Seine Augenbrauen sind in kühnen Bögen geschwungen, wirken edel und heroisch und betonen die fein gearbeiteten Jochbeine, die sein schmales Gesicht marmorsanft und wie die Arbeit eines Bildhauers wirken lassen. Nur dass besagter Bildhauer wohl in der entscheidenden Entwicklungsphase seiner Arbeit plötzlich Stil und Ideale geändert hat und auf die Idee kam, in dieses vollkommene Gesicht eine Nase zu setzen, die in beinahe jedem anderen Gesicht markant und kühn das Charaktermerkmal schlechthin gewesen wäre, hier aber die feinen Linien so brutal dominiert, dass sie deren zarte Eleganz rücksichtslos der Lächerlichkeit preisgibt.
Dazu wirkt er in seiner dunklen Kleidung und mit der tiefen Stirnfalte noch ausgesprochen finster. Ja, er ist genau der Typ, bei dessen Anblick Mütter sofort ihre Kinder auf den Arm nehmen und den Einkauf im Rekordtempo beenden, wenn er im Supermarkt neben ihnen auftaucht.

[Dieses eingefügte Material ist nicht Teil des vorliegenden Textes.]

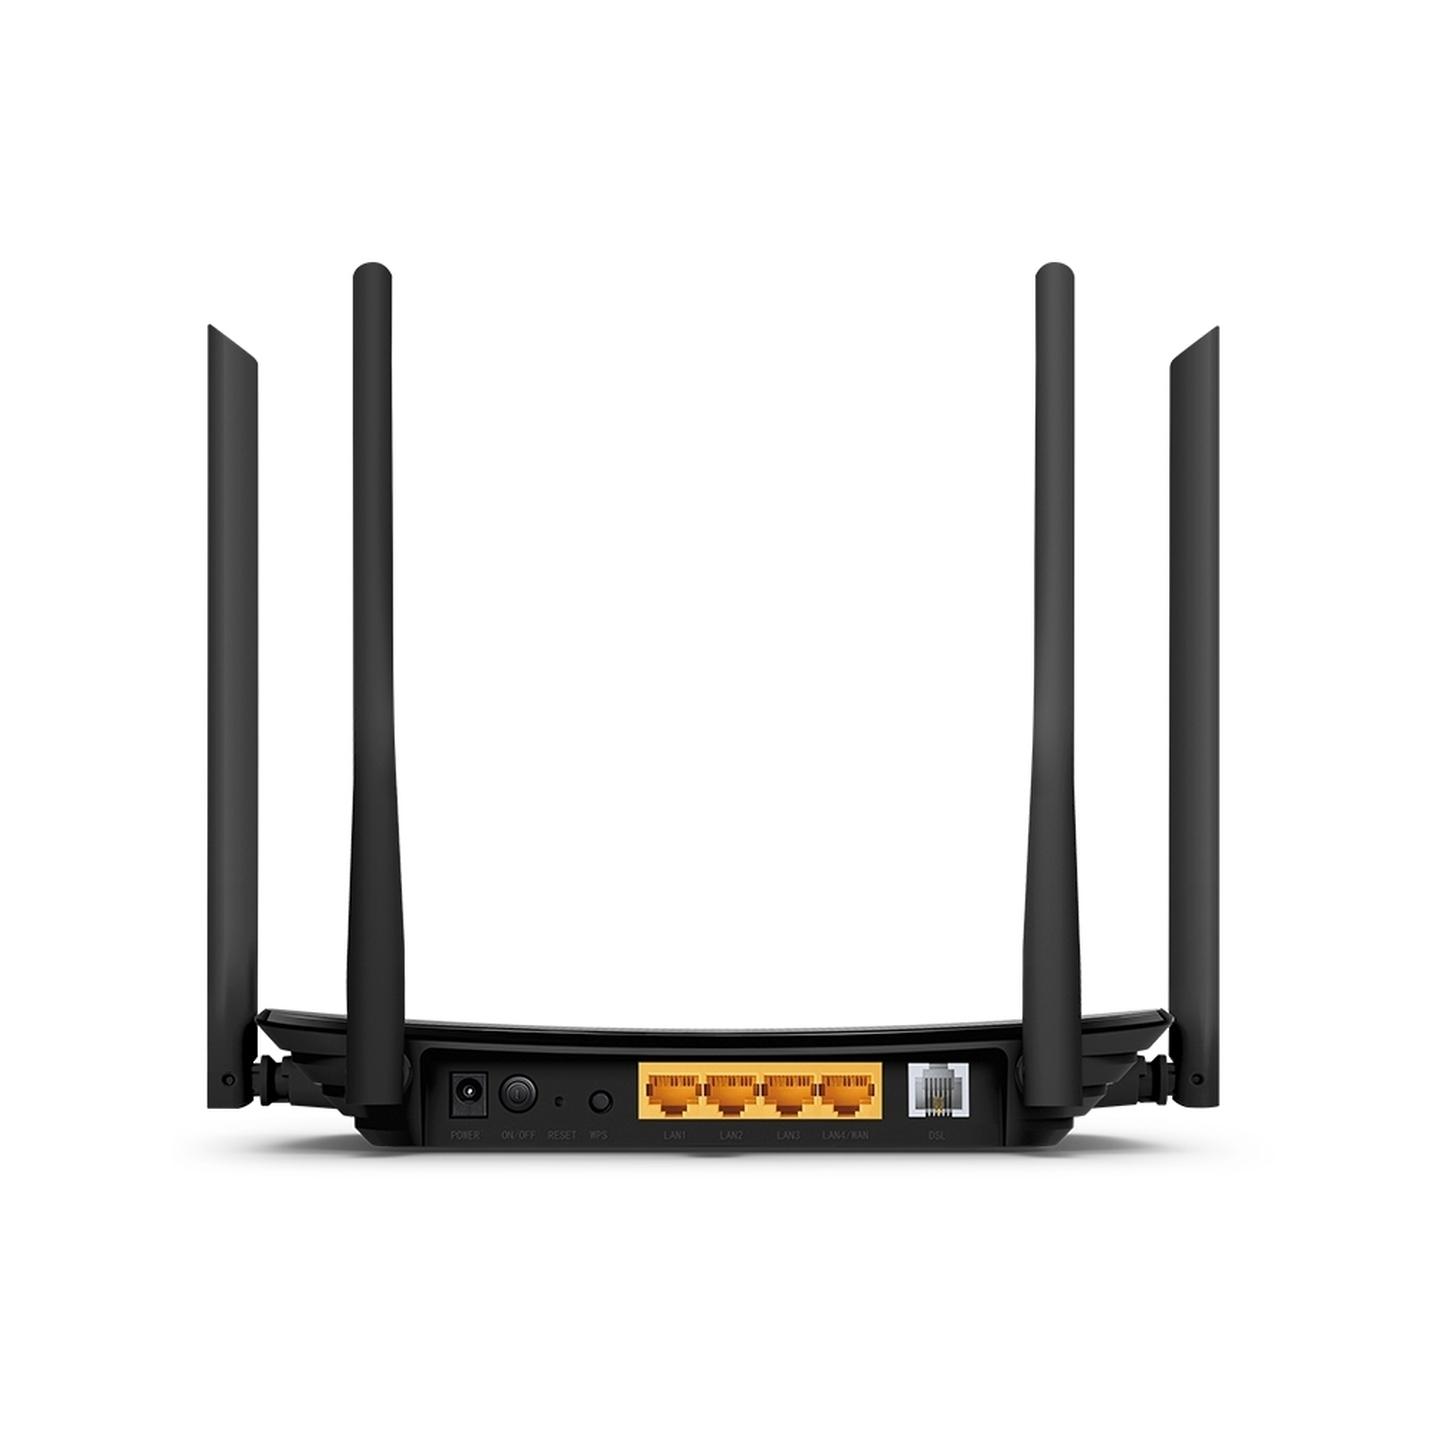 TP-Link VR300 VDSL/ADSL AC1200 Modem Router

Ich lasse meinen Blick zum wiederholten Male über seine sonderbare Erscheinung wandern, die hohen schwarzen Stiefel, die dunkle Hose, ein sehr feines teures Leder oder ein weich fließender Stoff. Sein Hemd läßt sich über der Brust schnüren und er hat von dieser Möglichkeit reichlich gebrauch gemacht. Dazu passend der lange Mantel, der ebenfalls fein geschnitten wirkt und elegant über eine Stuhllehne fließt. Auf dem Flohmarkt hat er sich definitiv nicht eingekleidet und auch in keinem der zu tausenden aus dem Boden und dem Internet sprießenden Mittelalter- und Hexenläden. Obgleich der Stil gewisse Parallelen aufweist, ist die Qualität, mit der seine Kleidung gearbeitet ist, davon so weit entfernt wie die Mona Lisa von den Machwerken die ein Bahnhofspassbildautomat für gewöhnlich so auskotzt.

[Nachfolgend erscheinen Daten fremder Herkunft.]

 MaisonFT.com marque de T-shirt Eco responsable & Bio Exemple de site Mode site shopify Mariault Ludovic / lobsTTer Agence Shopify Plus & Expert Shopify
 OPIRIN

Ich denke an den Supermarkt, aber das Bild will sich nicht so recht scharf stellen. Meine Vorstellung streikt. In eine dunkle Bar kann ich den Typen projizieren, in eine schwarze Messe und auf eine Theaterbühne. Aber nein, definitiv kein Supermarkt. Er würde dem Neonlicht nicht standhalten. Ich denke an die vielen erleichterten Mütter, die jetzt wieder beruhigt einkaufen gehen können und muss unwillkürlich grinsen.
In diesem Moment sieht er auf. Sein stechender Blick nagelt mich an die Rückenlehne meiner Holzbank und ich fühle das Grinsen von meinem Gesicht tröpfeln und eine weitere Lache um meine durchweichten Turnschuhe bilden. Dann klappt er sein Buch zu und kommt zu mir herüber.